The selection of PSO [9] is done by computation_solver parameter, such as:

julia> model(:tune; 
        project_name = "project_1",
        model_name = "model_name",
        io = "io_name",
        computation_solver = "pso",
        computation_maximum_time = Dates.Minute(5),
        model_architecture = "fnn", 
    )

References

[1] LeCun, Y. (1985). Une procedure d'apprentissage pour reseau a seuil asymetrique. Proceedings of Cognitiva 85, 599-604.

[2] Rumelhart, D. E., Hinton, G. E., & Williams, R. J. (1986). Learning representations by back-propagating errors. nature, 323(6088), 533-536.

[3] Blaud, P. C., Chevrel, P., Claveau, F., Haurant, P., & Mouraud, A. (2022). ResNet and PolyNet based identification and (MPC) control of dynamical systems: a promising way. IEEE Access.

[4] Kingma, D. P., & Ba, J. (2014). Adam: A method for stochastic optimization. International Conference on Learning Representations (ICLR), San Diego, CA, USA.

[5] Liu, L., Jiang, H., He, P., Chen, W., Liu, X., Gao, J., & Han, J. (2019). On the variance of the adaptive learning rate and beyond. International Conference on Learning Representations (ICLR), Addis Ababa, Ethiopia.
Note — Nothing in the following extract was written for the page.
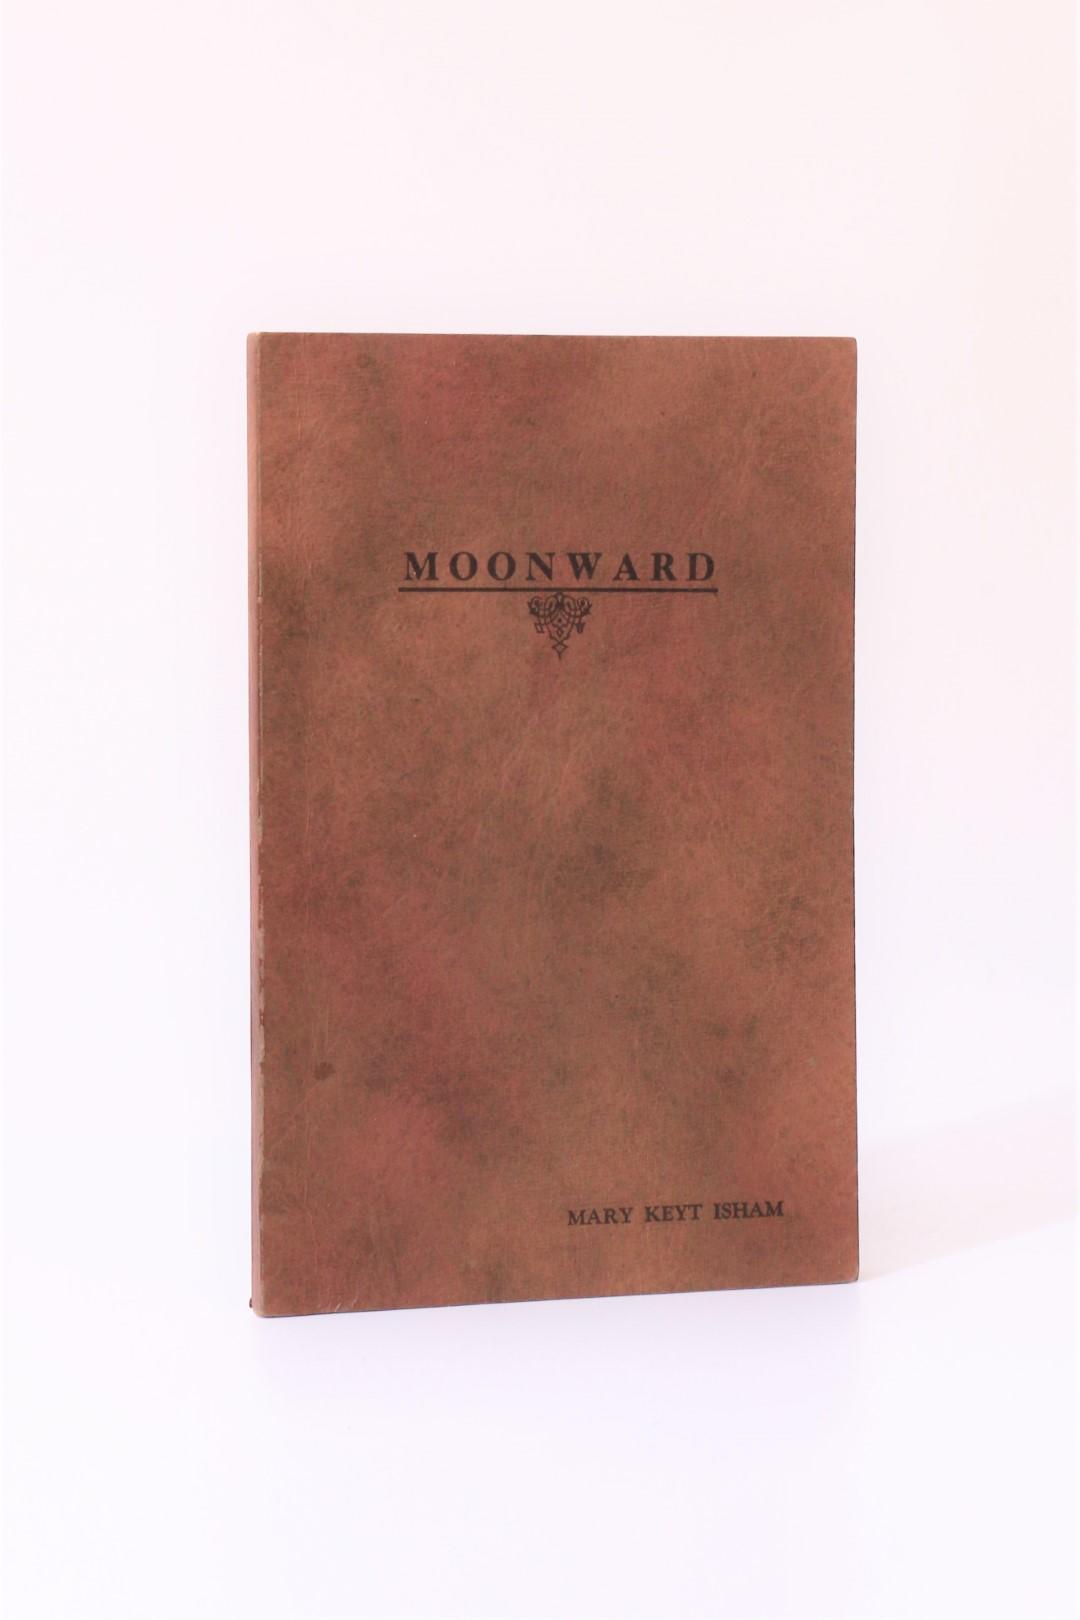 Mary Keyt Isham - Moonward - Privately Printed, n.d. [c1925?], First Edition.

[6] Dozat, T. (2016). Incorporating nesterov momentum into adam.

[7] Daskalakis, C., Ilyas, A., Syrgkanis, V., & Zeng, H. (2017). Training gans with optimism. International Conference on Learning Representations (ICLR), Vancouver, BC, Canada.

[8] Riseth, A. N. (2019). Objective acceleration for unconstrained optimization. Numerical Linear Algebra with Applications, 26(1).

[9] Bonyadi, M. R., & Michalewicz, Z. (2017). Particle swarm optimization for single objective continuous space problems: a review. Evolutionary computation, 25(1), 1-54.

[10] Liu, D. C., & Nocedal, J. (1989). On the limited memory BFGS method for large scale optimization. Mathematical programming, 45(1), 503-528.